Маленькая старушка проснулась рано и теперь суетилась, готовя завтрак. По временам она боязливо поглядывала на часы. За час до того, как сыну нужно было уйти на работу, она подошла к его комнате и окликнула его обычным резким тоном:
— Джордж! Джордж!
До нее донеслось сонное ворчание.
— Ну, ну, время вставать! — продолжала она. — Скорее поднимайся!
Чуть позже она снова подошла к двери:
— Джордж, ты встаешь?
— Чего?
— Ты встаешь?
— Да, сейчас! — Он придал своему голосу бодрость, в которой старушка угадала фальшь. Она подошла к кровати и взяла его за плечо:
— Джордж… Джордж… поднимайся же!
В сонном тумане он принялся бессвязно протестовать:
— Ой, оставь меня… пожалуйста… Спать хочется!
Но мать продолжала трясти его:
— Ладно, время вставать! Ну, ну, давай-ка…
Голос ее, резкий от досады, тонкой, пискливой ноткой пронизывал его уши. Он повернулся на подушке, прикрыл голову обеими руками. Теперь его жалобы звучали приглушенно:
— Ох, можешь ты меня оставить? Времени — еще много. Ну, хоть десять минут! Я же сплю!
Но она была неумолима:
— Нет, ты должен встать сейчас же. У тебя не хватит времени позавтракать и поспеть на работу.
В конце концов он встал, мрачный, ворчливый. Потом вышел завтракать, мигая воспаленными веками, с одеревеневшим, хмурым лицом.

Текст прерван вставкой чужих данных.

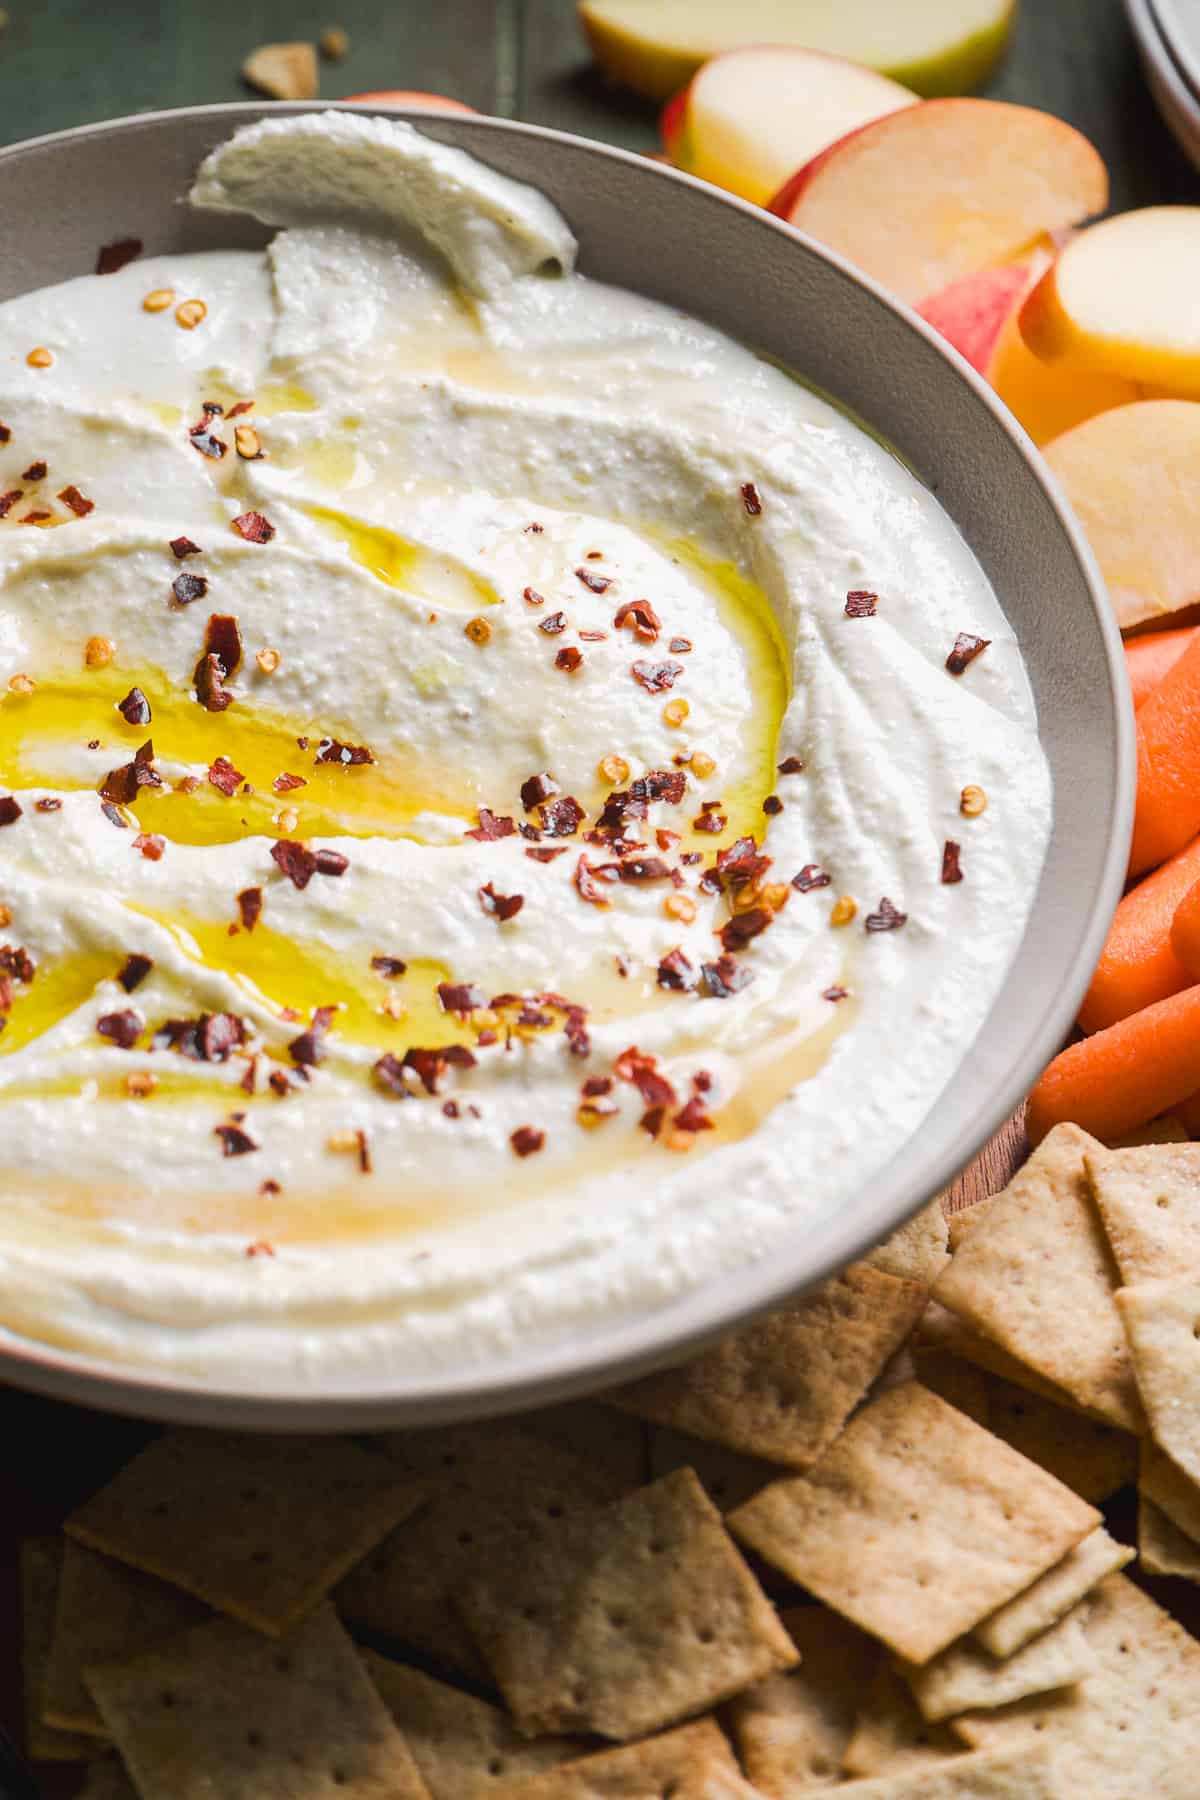 Whipped feta with red pepper flakes in a bowl.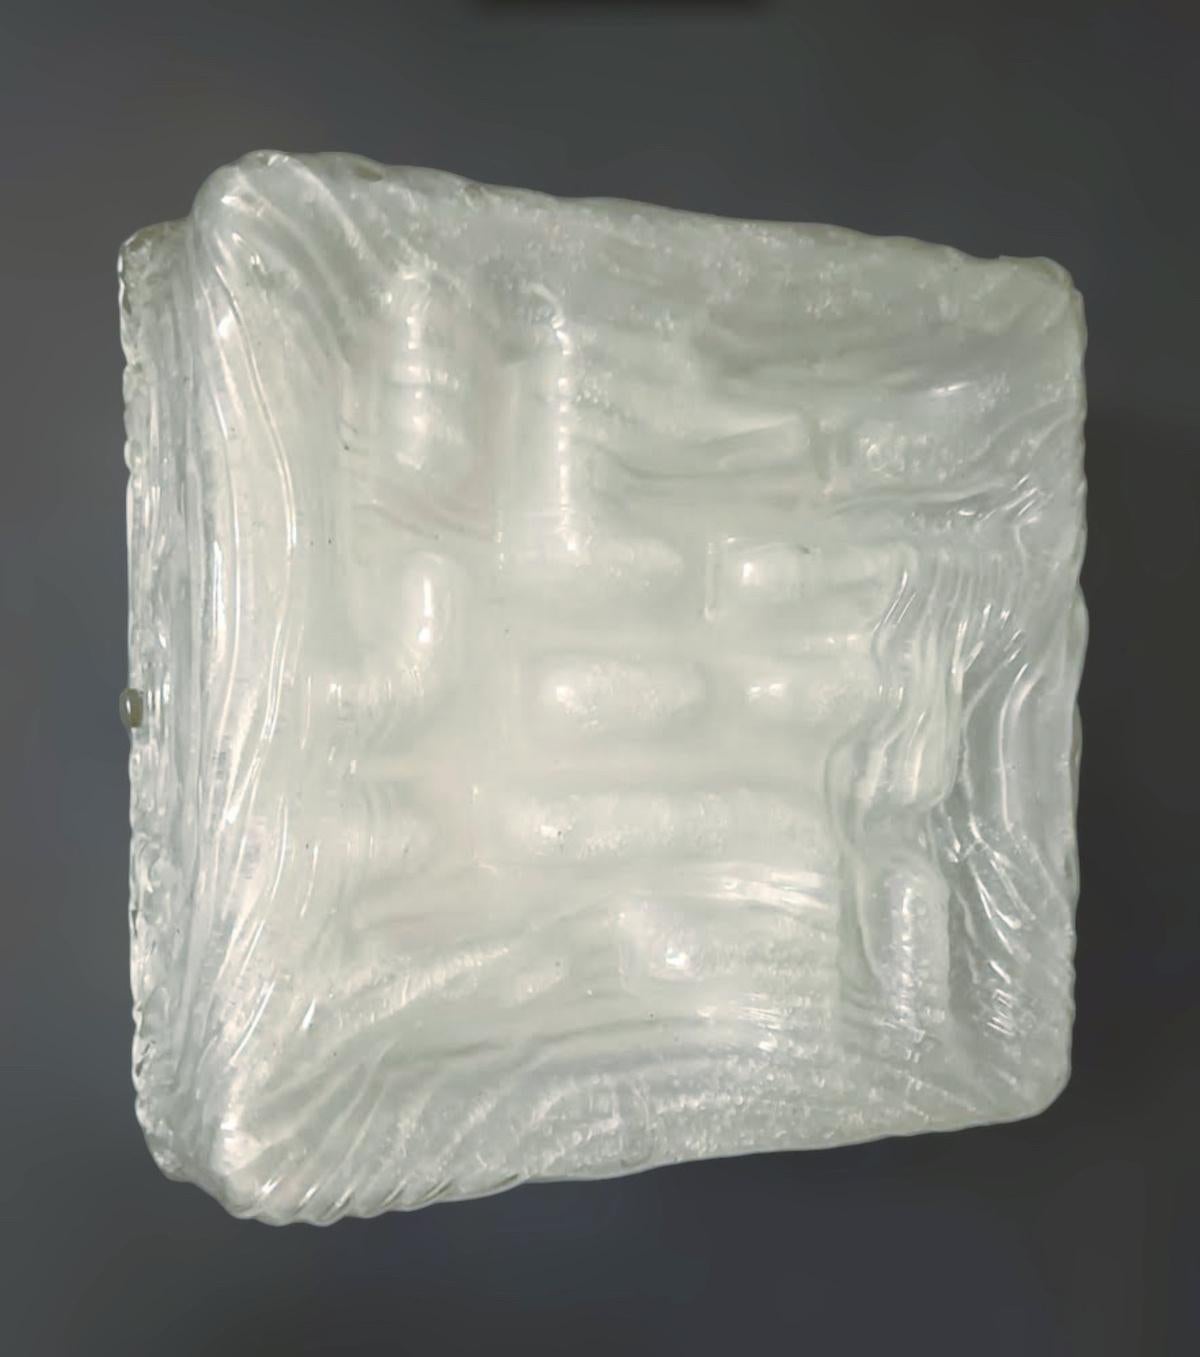 Vintage Italian wall light or flush mount with a single square milky white textured Murano glass shade / Made in Italy by Mazzega, circa 1960s
Width 14.5 inches, length 14.5 inches, depth 6 inches
4 lights / E26 or E27 type / max 60W each
1

Так каждое утро мать приходила к нему в комнату и вела бой, чтобы разбудить сына. Она была настоящим солдатом. Невзирая на мольбы и угрозы, она пребывала на своем посту, невозмутимая и несгибаемая. Эти стычки занимали значительное место в жизни Джорджа.

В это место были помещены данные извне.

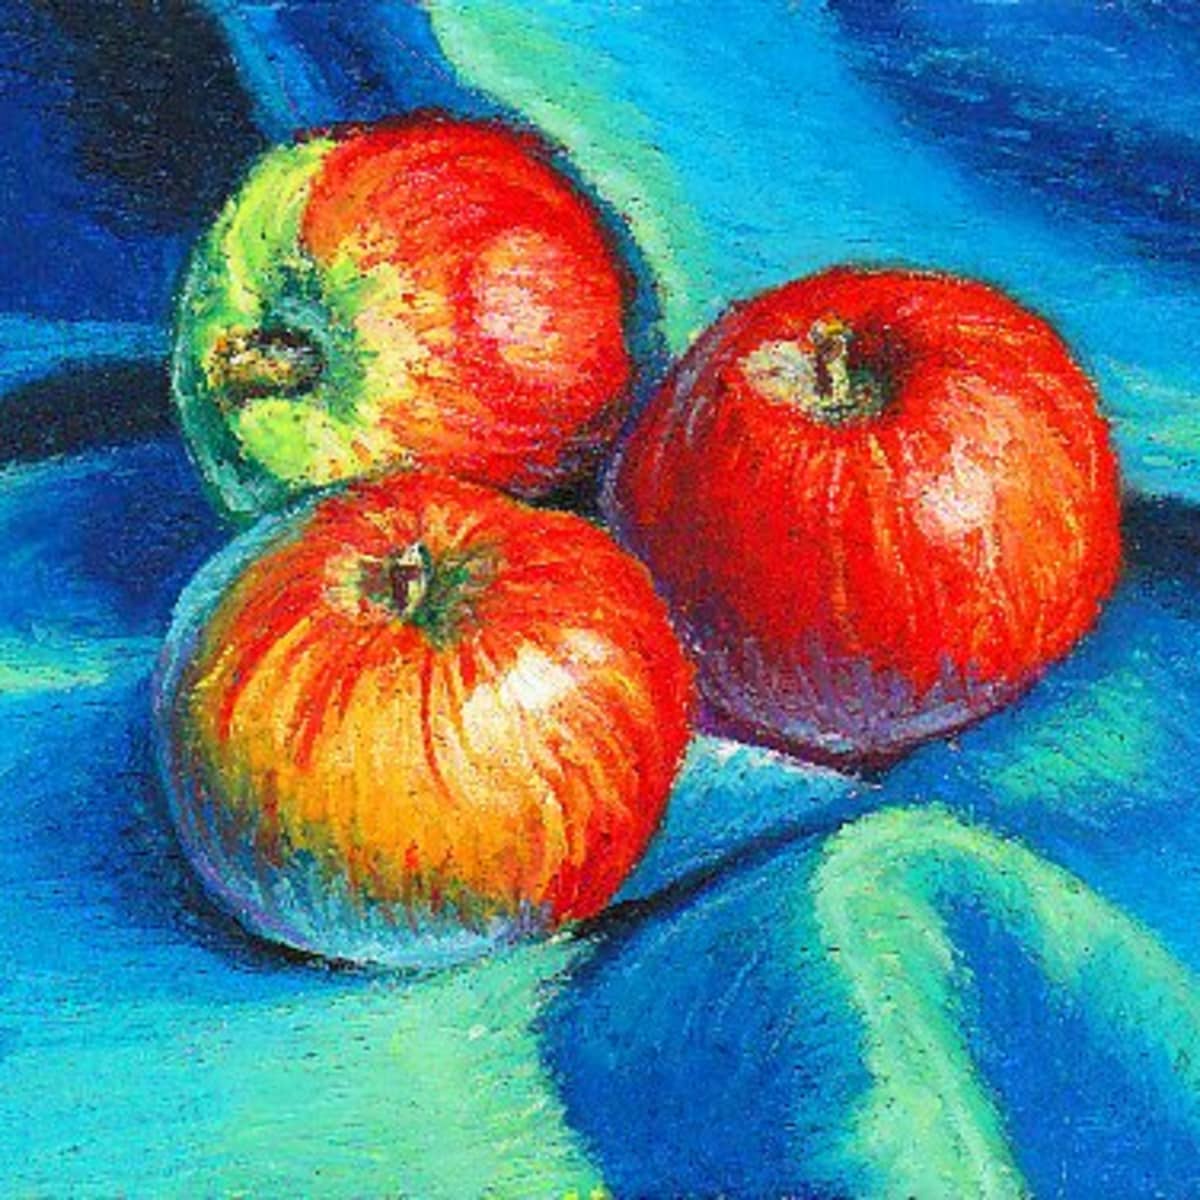 inexpensive versatile oil pastels for sketching and fine art

Порой он бывал вне себя от невысказанного гнева. Все казалось ему сплошным надувательством. Он чувствовал, что его обманом лишают сна. Какая несправедливость — изо дня в день, с жестокой регулярностью, принуждать его вставать раньше, чем боги сна ослабят свои узы! Он ненавидел неведомую силу, которая управляла его жизнью.
Однажды утром он разразился беспорядочными проклятиями, посылая их в пространство, как будто там и коренилась несправедливость. Мать вздрогнула; рот ее вытянулся в ниточку. Она увидела, что наступил важный момент. Пришло время для решительной схватки. Она храбро пошла в наступление:
— Перестань ругаться, Джордж Келси! Ты не смеешь так говорить при мне! Я не желаю этого! Замолчи сию же минуту. Ни слова больше! Ты думаешь, я позволю, чтобы ты ругался? Ни слова! Не желаю! Слышишь, я этого не потерплю!

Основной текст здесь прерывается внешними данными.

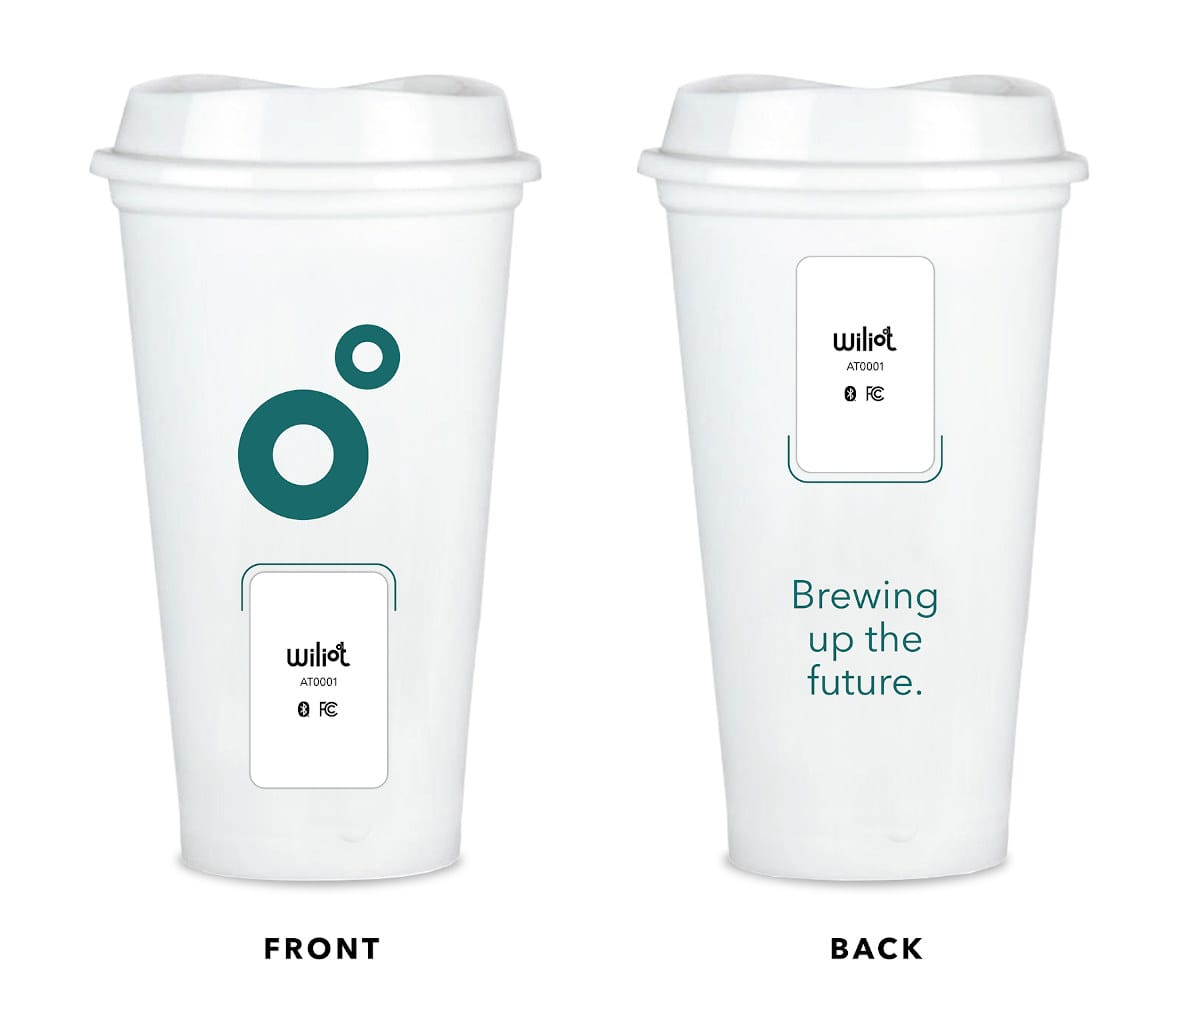 smart coffee cup with sensors, energy harvesting

Сперва брошенные ею слова скользнули по его сознанию, как по льду, но в конце концов привлекли его внимание. Лицо его стало угрюмым от гнева и страдания. Он заговорил с мрачным отвращением:
— К черту твое нежелание! Что ты можешь со мной поделать?
Потом, должно быть находя себя недостаточно выразительным, он встал и медленно придвинулся к матери. Подойдя к ней вплотную, он повторил: «Что ты можешь со мной поделать?» — и поглядел на нее упорно и зло, хотя у него самого был мрачный и жалкий вид, как у осужденного преступника.
Она вытянула руки в бессильном жесте. Она признавала его победу. Джордж взял шляпу и неторопливо вышел.
Три дня они прожили в молчании. Он размышлял об ее мучениях и находил в этом своеобразное удовольствие. Когда представлялся случай, он делал маленькие пакости. Да, он сумеет ее унизить! Теперь он вышел из-под контроля, теперь он никому не подвластен; ему захотелось царствовать. Ее страдания как бы вознаграждали его за собственные муки.
Мать, как всегда, хлопотала по хозяйству, лицо у нее было серое, неподвижное. Казалось, она перенесла побоище, в котором все, чем она дорожила, было похищено свирепыми дикарями.
Как-то вечером, в шесть, Джордж вошел и принялся разглядывать мать, занятую чисткой картофеля. Она равнодушно, без волнения, прислушивалась к его шагам, а при его появлении не подняла глаз.
— Так вот, меня выгнали, — неожиданно сказал. Джордж.
То был последний удар. Ее тело судорожно дернулось на стуле. Когда наконец она подняла глаза, ужас стоял на ее лице, нижняя челюсть отвисла.
— Прогнали? С работы? Но почему, Джордж?..
Он подошел к окну и стал спиной к матери. Он чувствовал на себе ее страдальческий взгляд.
— Да! Выгнали!..
Наконец она вымолвила:
— Так что же ты теперь собираешься делать?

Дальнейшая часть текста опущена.